In my experience, the 20x performance number is after taking the DSPs into accou...

dragontamer · on Oct 27, 2020

Just looking at raw FLOPs: the 7nm Xilinx Versal series tops out at 8 32-bit TFlops (DSP Cores only), plus whatever the CPU-core and LUTs can do (but I assume CPU-core is for management, and LUTs are for routing and not dense compute).

In contrast: the NVidia A100 has 19 32-bit TFlops. Higher than the Xilinx chip, but the Xilinx chip is still within an order of magnitude, and has the benefits of the LUTs still.

-----

It should be noted that Xilinx Versal "AI engine" is a VLIW SIMD-architecture: https://www.xilinx.com/support/documentation/white_papers/wp..., effectively an ASIC-GPU hardwired into the FPGA.

banjo_milkman · on Oct 27, 2020

Raw FLOPs is completely misleading, which is why Nvidia focus on it as a metric. The GPU can't keep those ops active - particularly during inference when most of the data is fresh so caches don't help. It's the roofline model.

In my experience FPGA>GPU for inference, if you have people who can implement good FPGA designs. And inference is more common than training. Much of this is due to explicit memory management and more memory on FPGA.

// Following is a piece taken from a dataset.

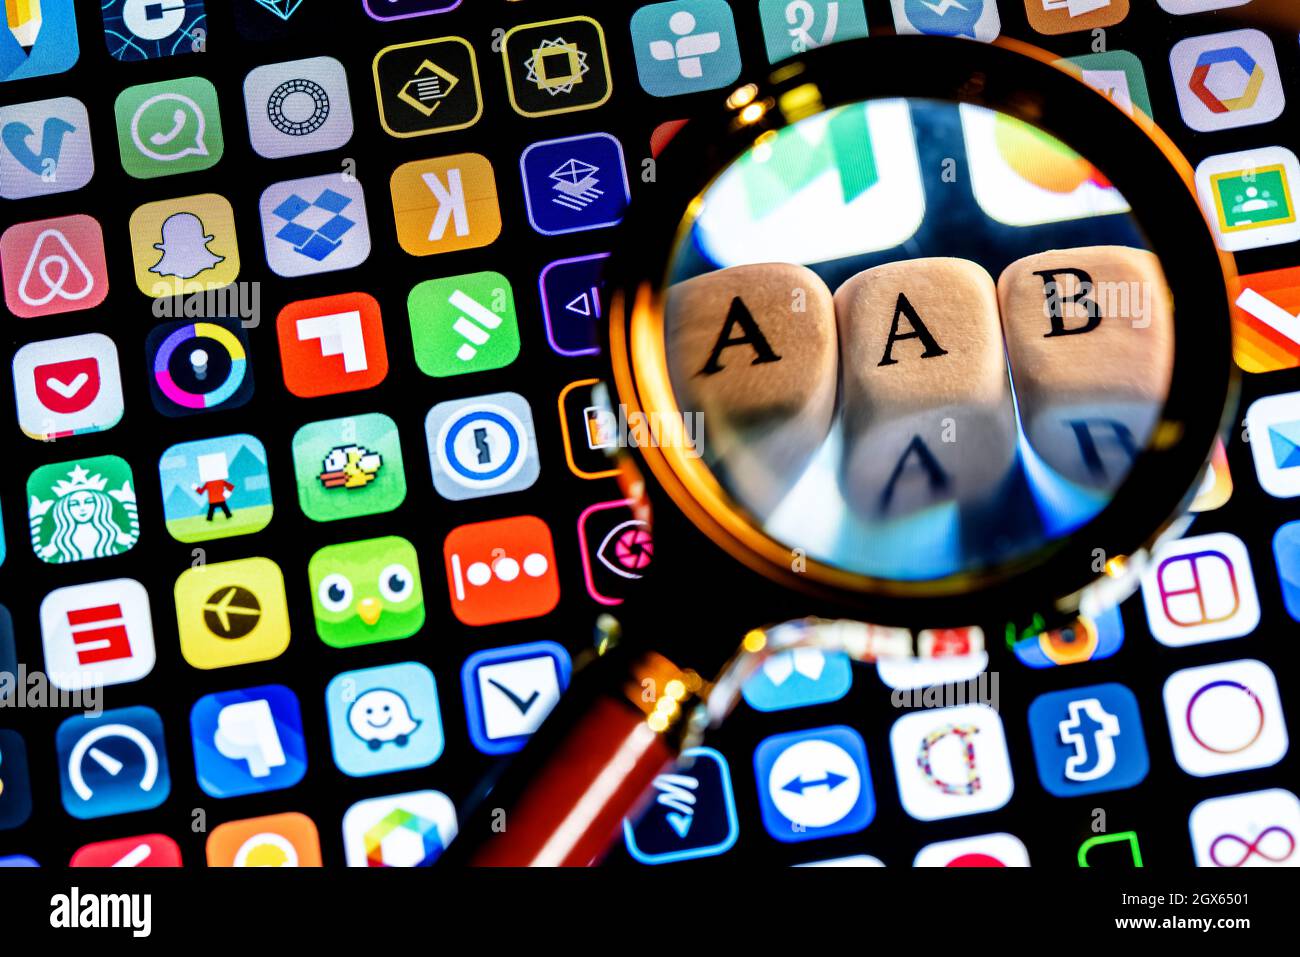 Abkürzung AAB (Android App Bundle) besteht aus Würfeln mit Buchstaben unter einer Lupe. Stockfoto
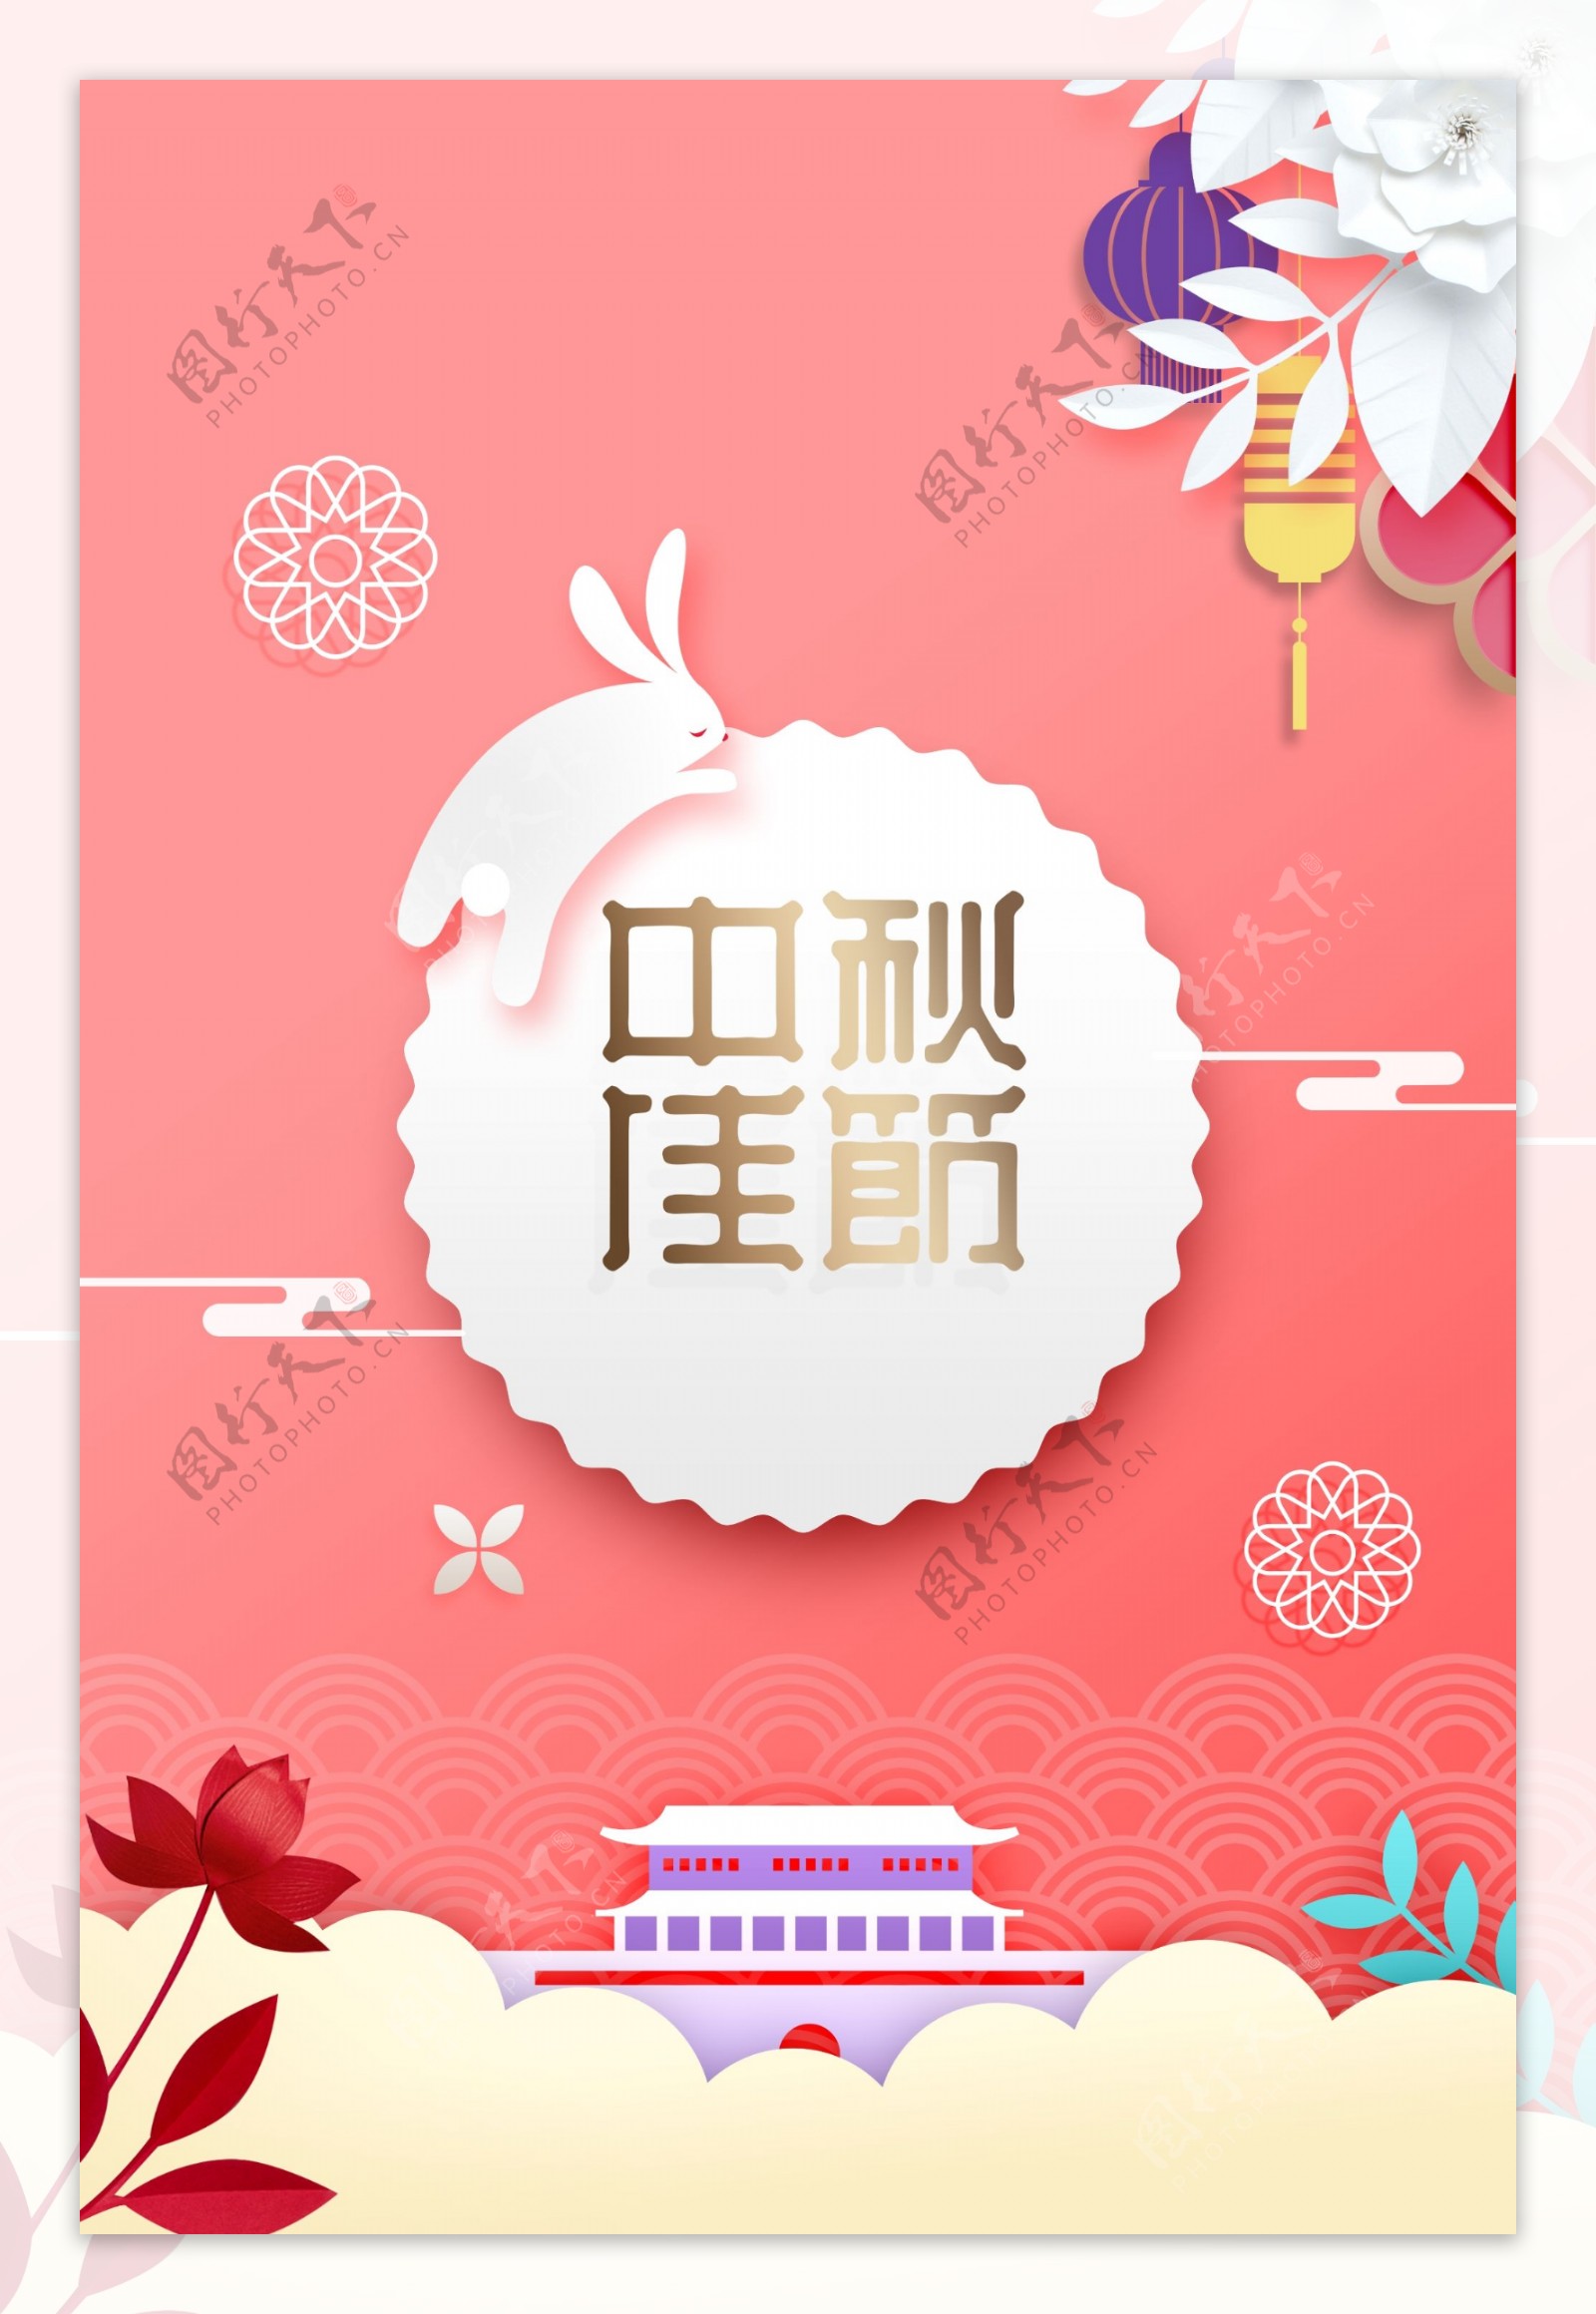 中秋佳节传统节日促销宣传海报

dragontamer · on Oct 27, 2020

Well, my primary point is that the earlier assertion: "GPUs are 20x faster than FPGAs" is no where close to the theory of operations, let alone reality.

ASICs (in this case: a fully dedicated GPU) obviously wins in the situation it is designed for. The A100, and other GPU designs, probably will have higher FLOPs than any FPGA made on the 7nm node.

But not a "lot" more FLOPs, and the additional flexibility of an FPGA could really help in some problems. It really depends on what you're trying to do.

------

At best, 7nm top-of-the-line GPU is ~2x more FLOPs than 7nm top-of-the-line FPGA under today's environment. In reality, it all comes down to how the software was written (and FPGAs could absolutely win in the right situation)

TomVDB · on Oct 27, 2020

> GPUs are 20x faster than FPGAs

The original comment by brandmeyer said "ASIC", not "GPU".

Take the same RTL. Synthesize it for ASIC and for FPGA. Observe a 20x difference after normalizing for power, area, and clock speed.

tails4e · on Oct 27, 2020

Yes, and FPGAs can be better than GPUs for some applications, even more power efficient, and cost effective.

davrosthedalek · on Oct 27, 2020

The question is, how much does your algorithm get from the 19 TFlops for a GPU, and how much from the 8 from the Versal. I'm sure many algos fit GPUs fine, but some don't, and might get more out of an FPGA.